Kutumbi's son, Bako, whose exploits in Katsina earned him the title "Jarumi" (Warrior) also assumed much power. With six hundred horses and a heavy cavalry of ninety mailed horsemen, he had a formidable force under is command. The Kano Chronicle states that no prince compared to him "in doing good, or doing ill, in courage, anger, and generosity, he was like a Sarki even while he was only a prince". His ascension to the throne in the case of his father's death was feared by his rivals who prayed for the Jarumi's death. Other accounts state that, foreseeing a civil war after his father's death, Bako himself prayed to die to avoid it. Nevertheless, he died before his father.

=== Other Cabinet members ===
Alwali introduced the titles of "Barde Kerreriya", and that of "Sarkin Shanu"; who was in charge of the state's cattle. He first gave the latter title to his slave, Ibo, later known as Ibo na Kutumbi. He also created the title of "Sarkin Samari", the leader of the Sultan's younger slaves, a title he gave to a man called Mandawali. Subsequently, he created the titles of "Sarkin Dogarai" (Leader of the Royal Guard), and Sarkin Shamaki, and appointed a new "Sarkin Sirdi" (in charge of horse saddles).

=== Taxation ===
Alwali was the first Sultan to impose taxation of Fula herders. He invented a new government tax known as "Jangali", which entitled the State to hundreds of cows.

== Wars and conquests ==

=== Bauchi ===
Alwali's Sarkin Dawaki, Magara, went to war against Bauchi and was victorious. On his way back from Bauchi, he created a new settlement at Ganjua, and sent the Sultan two thousand slaves. The Sultan took offense to Magara's new colony and went to attack the Sarkin Dawaki a year later where he forced him to pay a tax and left five hundred of his slaves there.

=== Gombe ===
Alwali was said to have defeated and sacked the city of Gombe two years after his first expedition in Bauchi.

=== Katsina ===
"Alwali shutter of the great gate, Kimbirmi, shutter of the great gate"

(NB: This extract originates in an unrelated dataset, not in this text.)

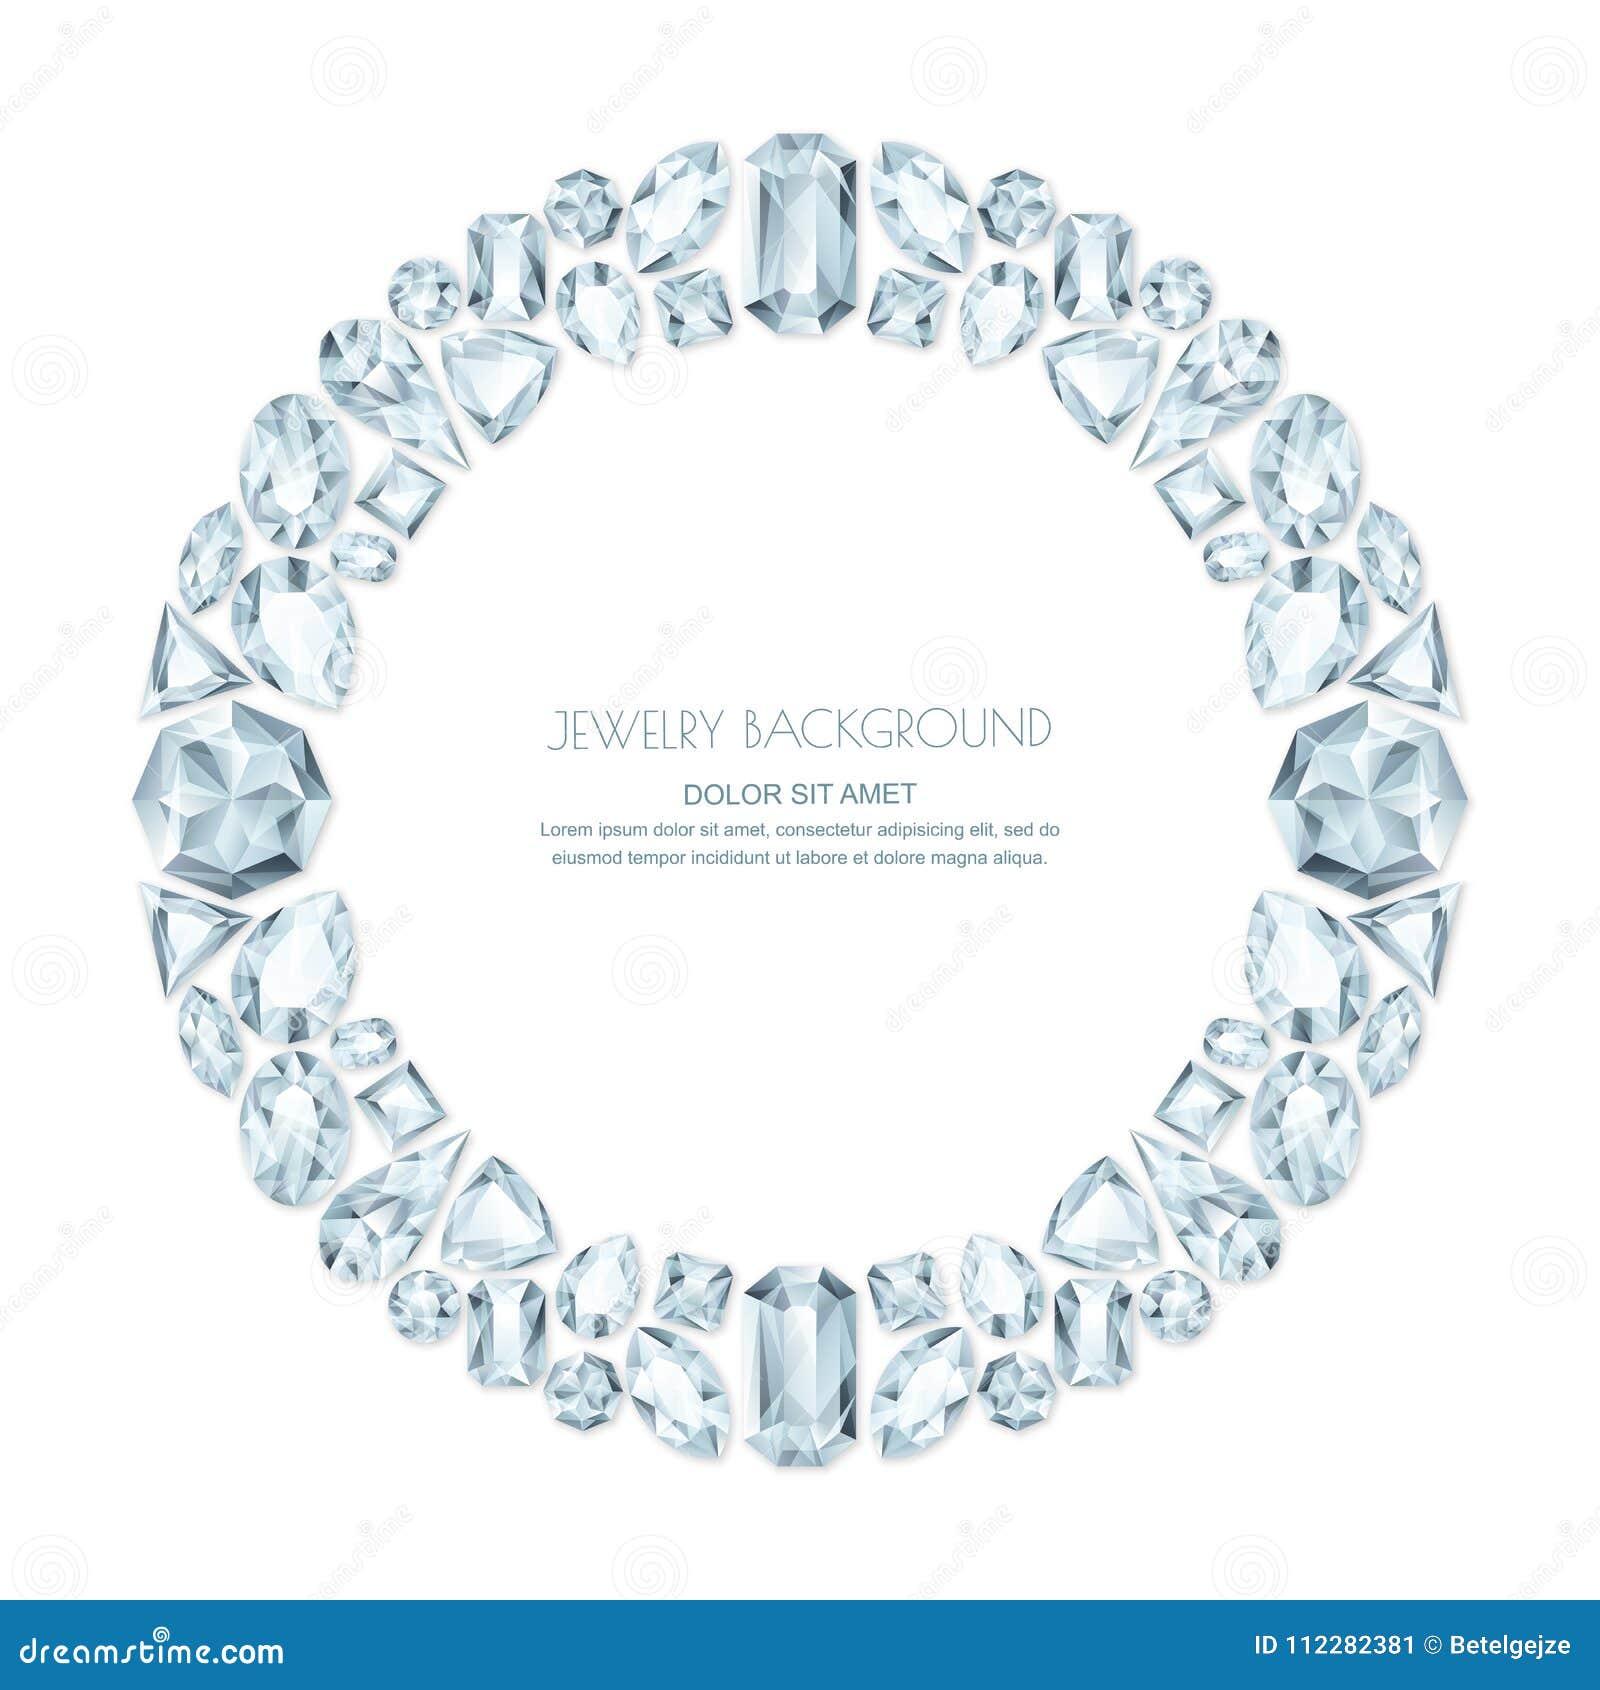 26f3668b26 Διανυσματικό στρογγυλό πλαίσιο από τους ρεαλιστικούς ασημένιους πολύτιμους  λίθους και τα κοσμήματα στο άσπρο υπόβαθρο Λαμπρά στοιχεία σχεδίου  κοσμήματος ...
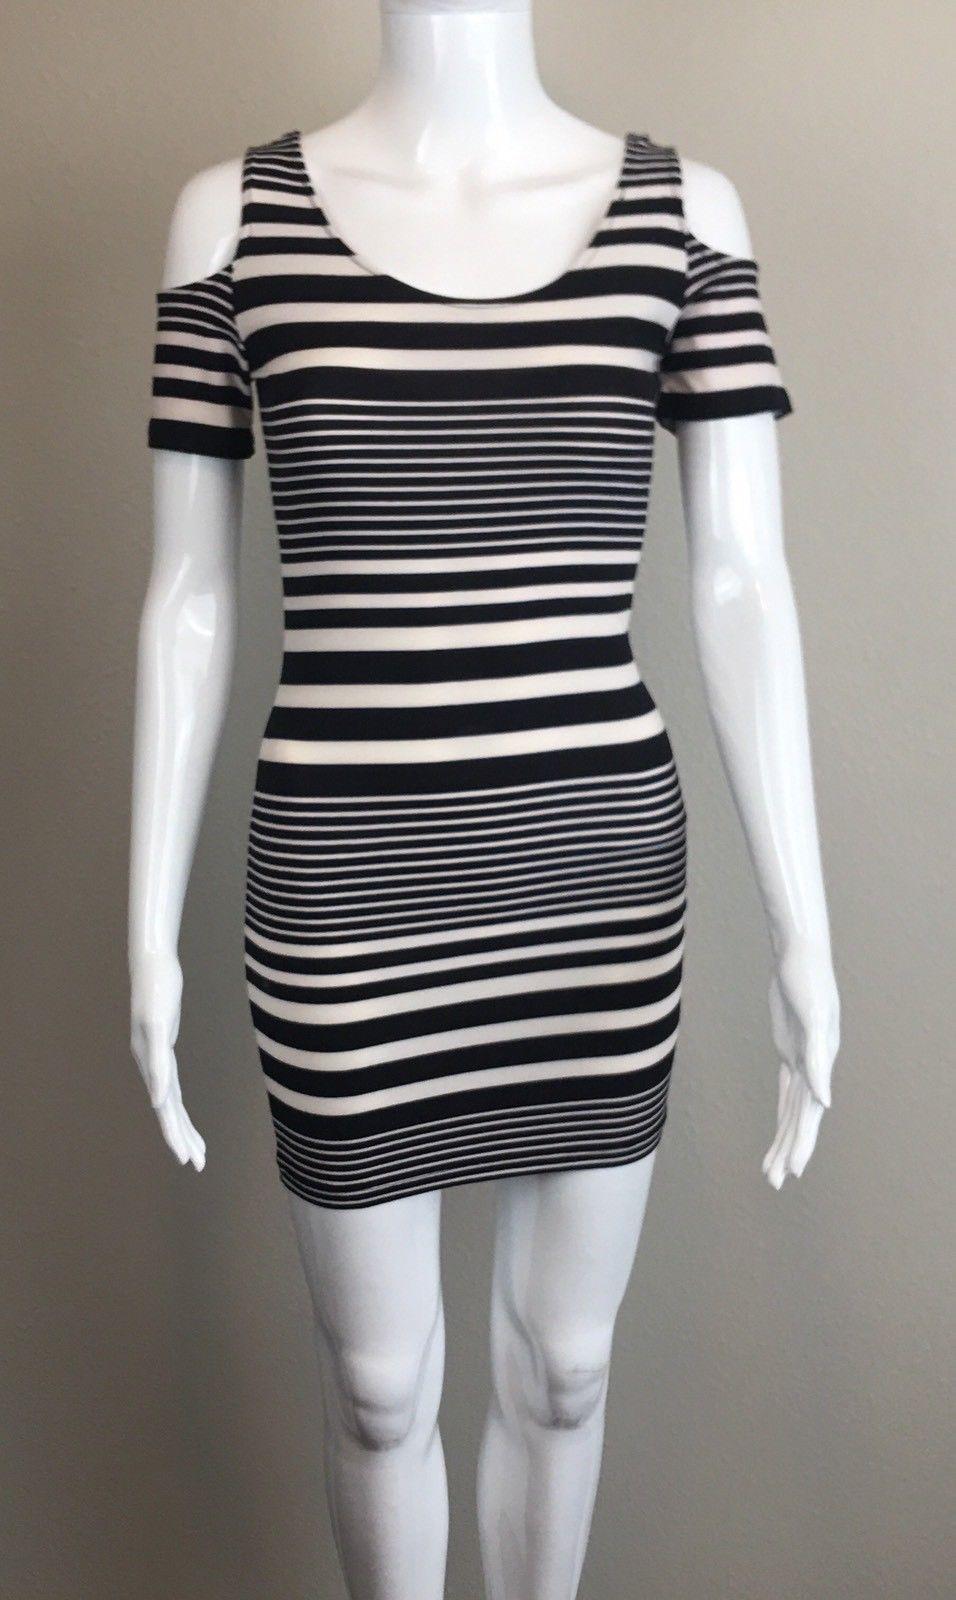 Cool amazing planet gold macyus striped coldshoulder bodycon dress

Kano's sister state, Katsina, had been its principal foe in the region. Kano gained the upper hand when it took the strategically located Karaye under Alwali's father's reign and the Wambai Giwa was able to enjoy great successes against them. Alwali's first war with Katsina was in the form of a siege. He camped at Dugazawa where he prevented entry and exit from the State and collected much booty from them. The prince of Kano, Jarumi Bako, also defeated Turmin Dan Ranko, a city in Katsina, earning much spoil.

Alwali's second battle with Katsina was, however, much less fruitful. He camped towards the western part of the gate but the army of Katsina launched a surprise attack that sent the men of Kano into flight. In this retreat, a Katsina warrior, Kumaza, attacked Alwali with a spear but was killed by Dan Maji Zartaki before he could finish the job. Kano's army took flight with Katsina in hot pursuit until they reached Yashi.

== Death and succession ==
El Kutumbi died of the battle wounds sustained in Katsina three days later. While some accounts say he died in Katsina, the better version is that he died in Kano. Muhammad Alwali I was the last Kano Sultan to die in battle until Muhammad Alwali II during the Fula Jihad.

El Kutumbi was succeeded by his son Al Haji who was quickly deposed. His grandson and Al Haji's son, Shekarau, was then elected Sultan, under whose reign Kano and Katsina would sign a lasting peace treaty brokered by Islamic scholars.